4.1. Semantic Segmentation Results
The energy partitioning results for the test set are shown in
Figure 9a,b, where the left-hand side shows the partitioning results for the Bajia dataset and the right-hand side shows the partitioning results for the Gaotang dataset. It can be seen that the morphology of the poplar and Tsubaki trees in the two datasets are completely different; the Gaotang dataset that has more branches and leaves has significantly more geometric partitioning. Due to the disorderly nature of the point cloud, the energy partitioning of the test set does not affect the final result of the semantic partitioning and is only shown here to demonstrate the process of unsupervised segmentation.
The semantic segmentation results are shown in
Figure 9c–f, with the manually annotated point clouds on the left and the segmented point clouds on the right, which are the result of energy segmentation into geometric partitions followed by semantic segmentation. These point cloud inspection sets are visually very similar to the reference data for manual segmentation. For the segmentation results, the tree point cloud is well-segmented from the whole point cloud. While some stems and foliage are misclassified into ground and other points, and some ground is misclassified into foliage, which is not common. In the Bajia test set, a small number of points of trees are misclassified as ground, which occurs in point clouds located at the edges of the data sample and in the Gaotang dataset. While some of the shrubs in the other point categories are misclassified as stems mainly in the root point cloud, the number of misclassifications is not significant.
The training accuracy and loss curves during the training process of the Bajia and Gaotang data sets are shown in
Figure 10. In the training process, the training accuracy tends to increase while the training loss function tends to decrease, which indicates that our network has a good learning ability for global features. For the Bajia dataset, the total training and validation time is approximately 120 h. Additionally, for the Gaotang dataset, the total training and validation time is approximately 110 h. After 130 rounds of training, the training accuracy and loss curve stabilize in the Bajia dataset, with the training accuracy and loss function converging to 0.95 and 0.14, respectively, and in the Gaotang dataset, these figures are closer to 0.93 and 0.18, respectively.
For the Bajia and Gaotang datasets, the segmentation results achieve our goal of data processing, and the tree point cloud is well-segmented from the overall point cloud. Of the four labels, we observed that for the three categories of ground, foliage, and other points, the model has significantly higher accuracy than the stem label when predicting and that the other point category with the fewest points in the entire map has the highest precision. This is illustrated in
Figure 11, which shows the semantic partitioning confusion matrix for the overall two test sets.

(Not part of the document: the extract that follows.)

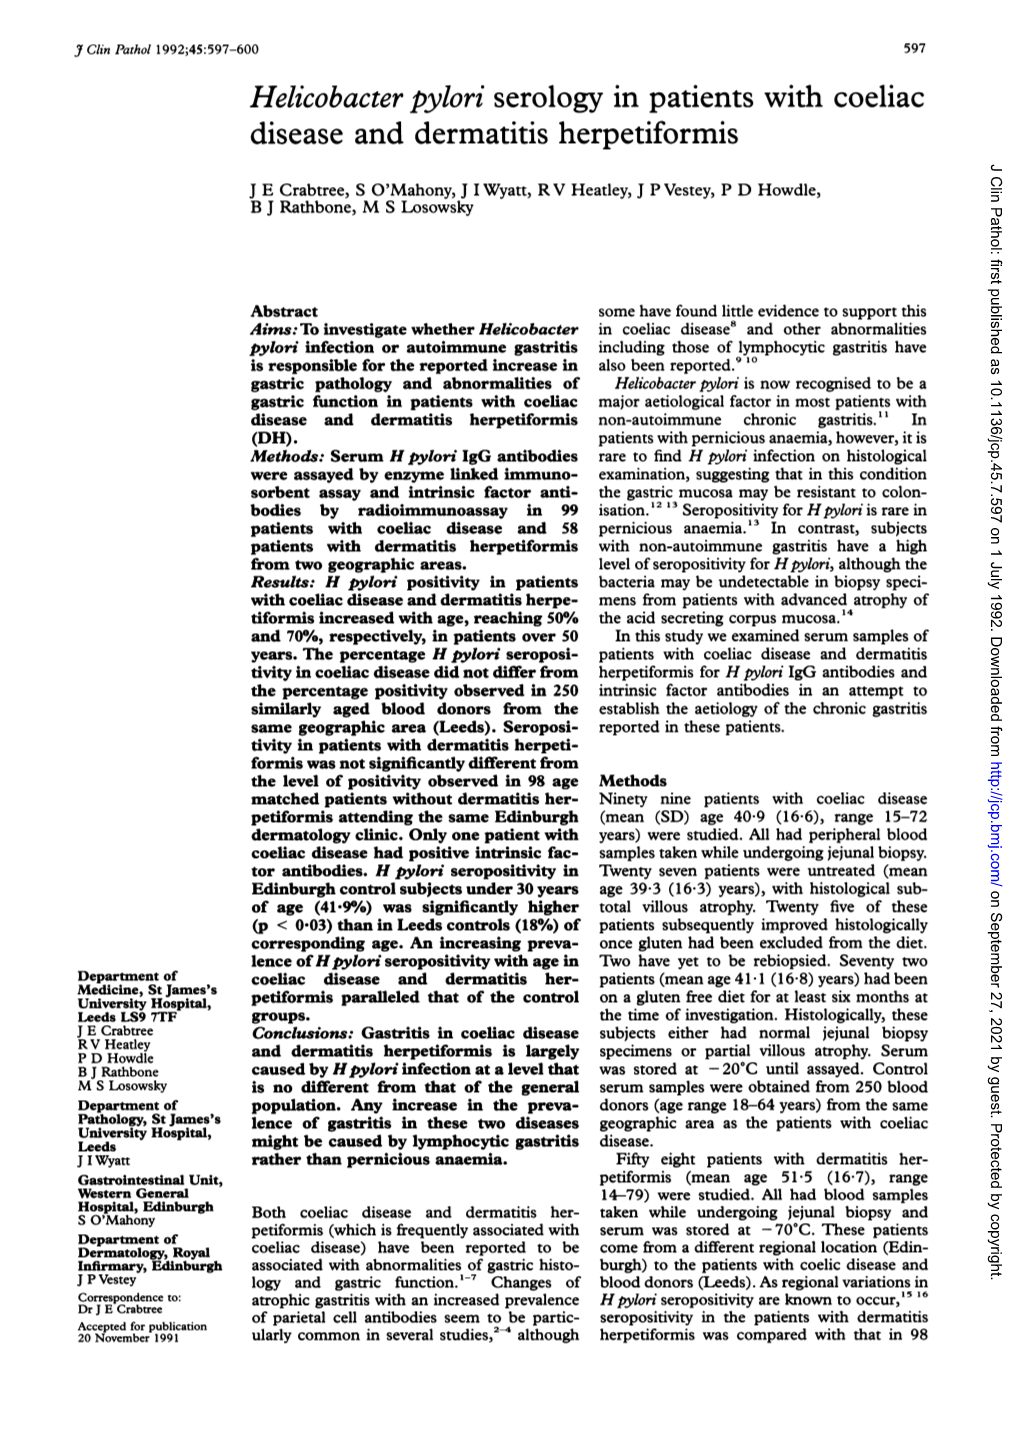 Helicobacter Pylori Serology in Patients with Coeliac Disease and Dermatitis Herpetiformis J Clin Pathol: First Published As 10.1136/Jcp.45.7.597 on 1 July 1992

In both test datasets, the overall accuracy of trees (including stem and foliage) in the Bajia dataset is 0.94, significantly higher than the 0.90 of the Gaotang dataset. This may be because the leaves of the Tsubaki trees in the Bajia dataset are mainly concentrated at the top of the trees, and the branch angle is large, so the leaf feature network is easier to learn. In contrast, the triploid poplar planted in the Gaotang dataset has a large number of branches and a large branch-to-diameter ratio, the tree canopy envelope is tighter, the leaves are smaller and more numerous, and there are a large number of ground plants that affect the segmentation accuracy of the tree point cloud and cause the trunk to be misclassified into leaves more often.
In these two datasets, the ground class had the highest Recall, reaching 0.983 and 0.988, respectively. The other classes have high Precision but low Recall in the Bajia dataset, probably because the other point classes contain several types of unappreciated points, including light-emitting instruments and human shadows. As these objects are more different and less numerous in the overall point cloud map, their features are not well learned by the network, which leads to their misclassification as stems. The detailed metric parameters are shown in
Table 2.
4.2. Comparison of QSM Results with Manual Measurements
The segmented point cloud was used to generate a QSM model using 3D Forest software and MATLAB-based TreeQSM and then extracted to analyze the tree feature information, which was an important step in our overall workflow. Semantic segmentation was carried out to prepare for the extraction of stand information to deal with the interference of distracting objects in the artificially planted woods on the extraction of tree feature information.
A brief demonstration of the extracted tree height and diameter at breast height data and its comparison with the actual measurements after forming the QSM model for the test dataset is shown in
Figure 12. The correlation coefficient
R2 and the root-mean-square error were calculated separately for both datasets to qualitatively evaluate our results.
As shown in
Figure 12, a total of 74 trees from the Bajia dataset and 57 trees in the Gaotang dataset were counted for both height and diameter at breast height compared to the manual measurements. It can be seen that the accuracy of both height and diameter at breast height is higher in the Bajia dataset, likely because the branches of the Tsubaki tree branch are at large angles and cross over less, and the diameter at breast height is relatively larger.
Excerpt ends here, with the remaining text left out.